I'm **** in my own little special way.


----------



## naes (Nov 1, 2013)

Sin said:


> "It would be better if there were nothing. Since there is more pain than pleasure on earth, every satisfaction is only transitory, creating new desires and new distresses, and the agony of the devoured animal is always far greater than the pleasure of the devourer"
> 
> ^


It's funny you say this because i was thinking the exact same thing today.


----------



## VanDamme (Jun 8, 2004)

Learn you life lessons and complete your life tasks.


----------



## Adversid (Mar 21, 2013)

I do believe the Earth has a core, and it is very hot. I also believe it is underground. Now call me insane, I dare you.


----------



## hoddesdon (Jul 28, 2011)

hypestyle said:


> That depends. How do you assess your core beliefs?

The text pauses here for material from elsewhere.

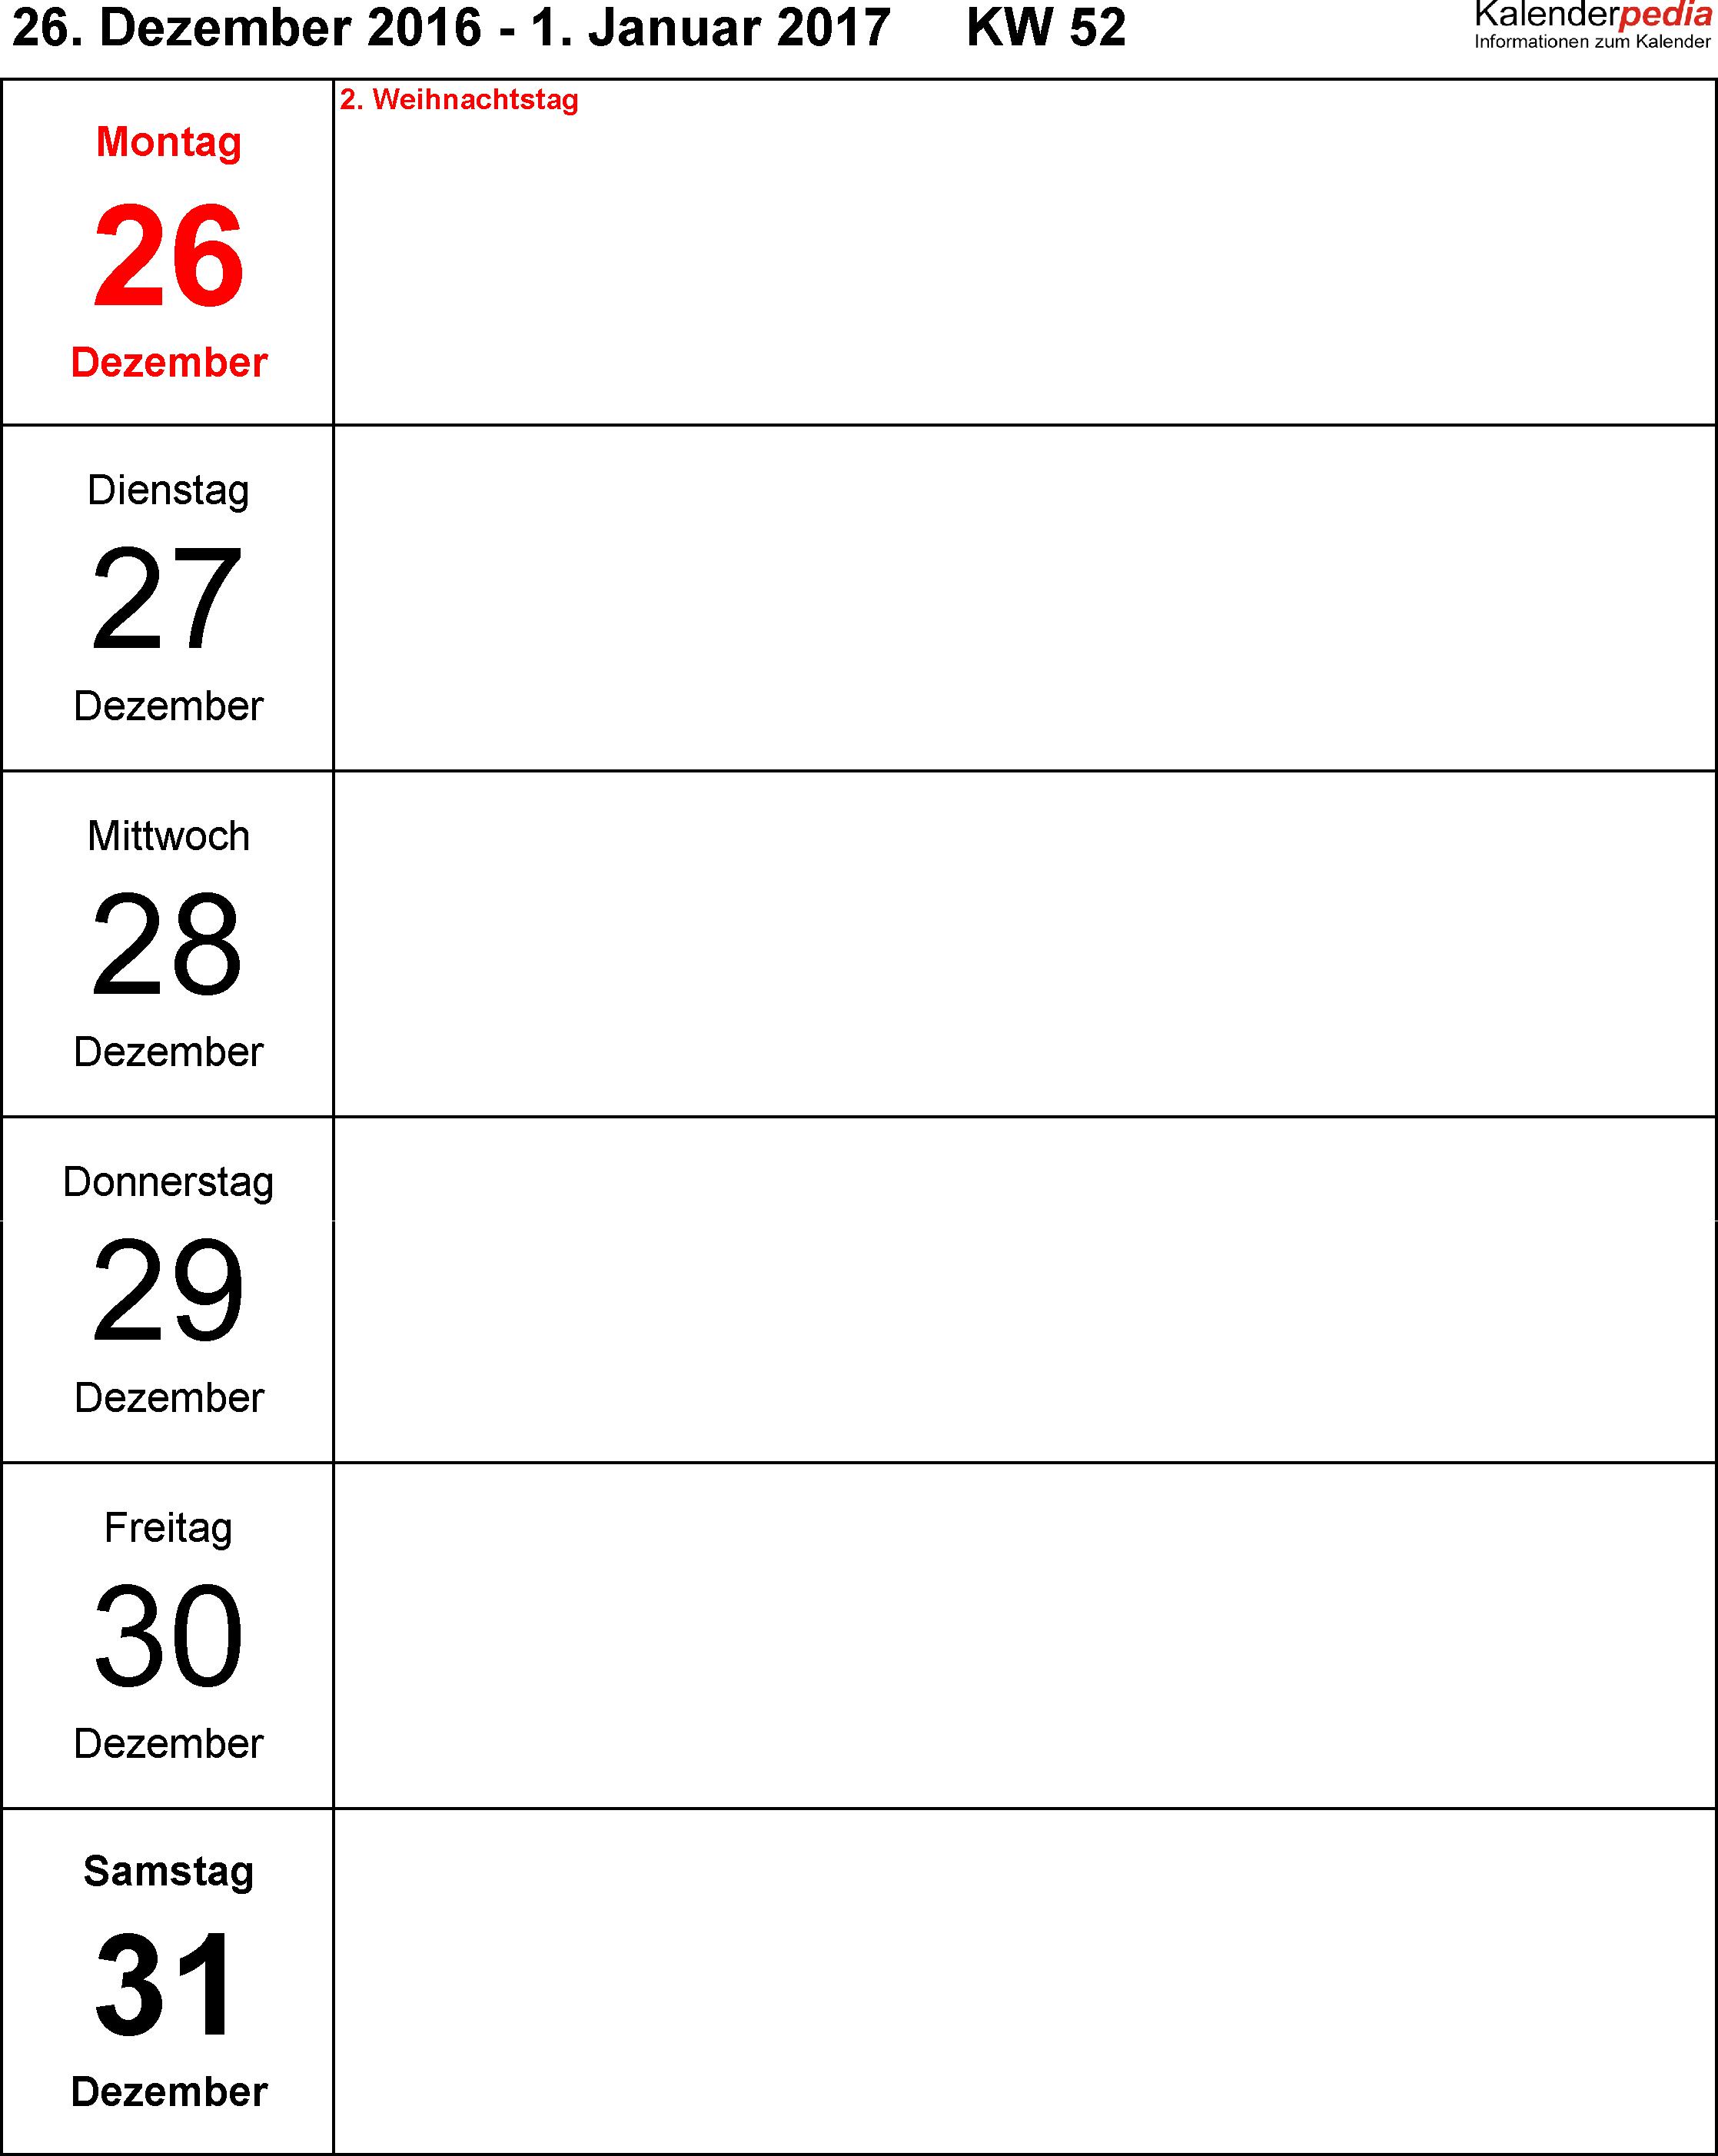 Vorlage 10: Wochenkalender 2017 als Word-Vorlage, Hochformat, Tage untereinander, 53 Seiten (1 Woche auf 1 Seite)

During a CBT course we were told that if something happens that makes you feel devastated, then that means your core belief has apparently been validated.


----------



## LostinReverie (Mar 18, 2007)

I am disgusting. 
People are repulsed by me.
People would rather they didn't have to see or interact with me.
Society as a whole would prefer that I didn't exist. 
My family are ashamed by me and wish I had never been born.
My family secretely want me to die, they would act sad if I did, but be relieved.
I am an evil person who has committed unforgiveable acts.
I am quite sure that I'm going to Hell when I die.
God is disappointed with me and wants me to pay for my sins. 
I am incapable of good.


----------



## Beast And The Harlot (Jun 14, 2015)

What are "Core Beliefs"?


----------



## klavak91 (Oct 13, 2015)

MBwelder said:


> D.B.A.D.
> "Don't Be A D*ck" a motto to live by.


I think a lot of people missed the day that motto was created haha


----------



## klavak91 (Oct 13, 2015)

Love hard, live your personal best, and fail often. That's how you experience life to its fullest, and because I literally just thought of this, I think that's what I'm going to call my motto now.

The core beliefs though are strange, because I'm such a hypocritical person... (As an example of hypocrisy) I enjoy feeling super inspired and full of blooming happy emotions because I don't feel that often, and then when I realize I'm feeling that way, I get irritated at myself for feeling that way because it usually ends up spiraling into sadness when I realize that it won't last long, and I particularly get irritated at people that are always super heart-on-sleeve obvious about their emotions. And I could get into the psychological aspects of self analysis and junk, but this isn't the place for that  But as a dear friend of mine stated recently when I brought this up, we as people are allowed a certain amount of hypocrisy, due to imperfections.


----------



## mattmc (Jun 27, 2013)

I'm a born loser and I deserve every ounce of pain that comes to me.


----------



## Hylar (Jul 15, 2014)

Sin said:


> "It would be better if there were nothing. Since there is more pain than pleasure on earth, every satisfaction is only transitory, creating new desires and new distresses, and the agony of the devoured animal is always far greater than the pleasure of the devourer"
> 
> ^


This is very good! But it's just a starting point and you should move on from here. Ask this question: "So why do I exist?" And really get into the depths of it.

As for my core beliefs:
Try to be accepting and understanding, do my best, work hard, and not bother too much about what others might think.


----------



## IAmBreakingOut (Oct 12, 2015)

LostInReverie said:


> I am disgusting.
> People are repulsed by me.
> People would rather they didn't have to see or interact with me.
> Society as a whole would prefer that I didn't exist.
> ...


Sorry. I wouldn't have guessed any of that from your avatar.

Most conceptions of God are either Just (in which case, a full life lived charitably should more than balance the odds) or Forgiving (in which case, asking for forgiveness is enough.) I'm more pragmatic than spiritual. I've made some poor choices. I apologized and resolved to do better. Dwelling on my past wouldn't help anyone.


----------



## IAmBreakingOut (Oct 12, 2015)

I'm as good or bad as the next person, and so should be able to claim a fair share of friendship, love, and happiness. Social skills, like any other skill, can be improved with education and practice.


----------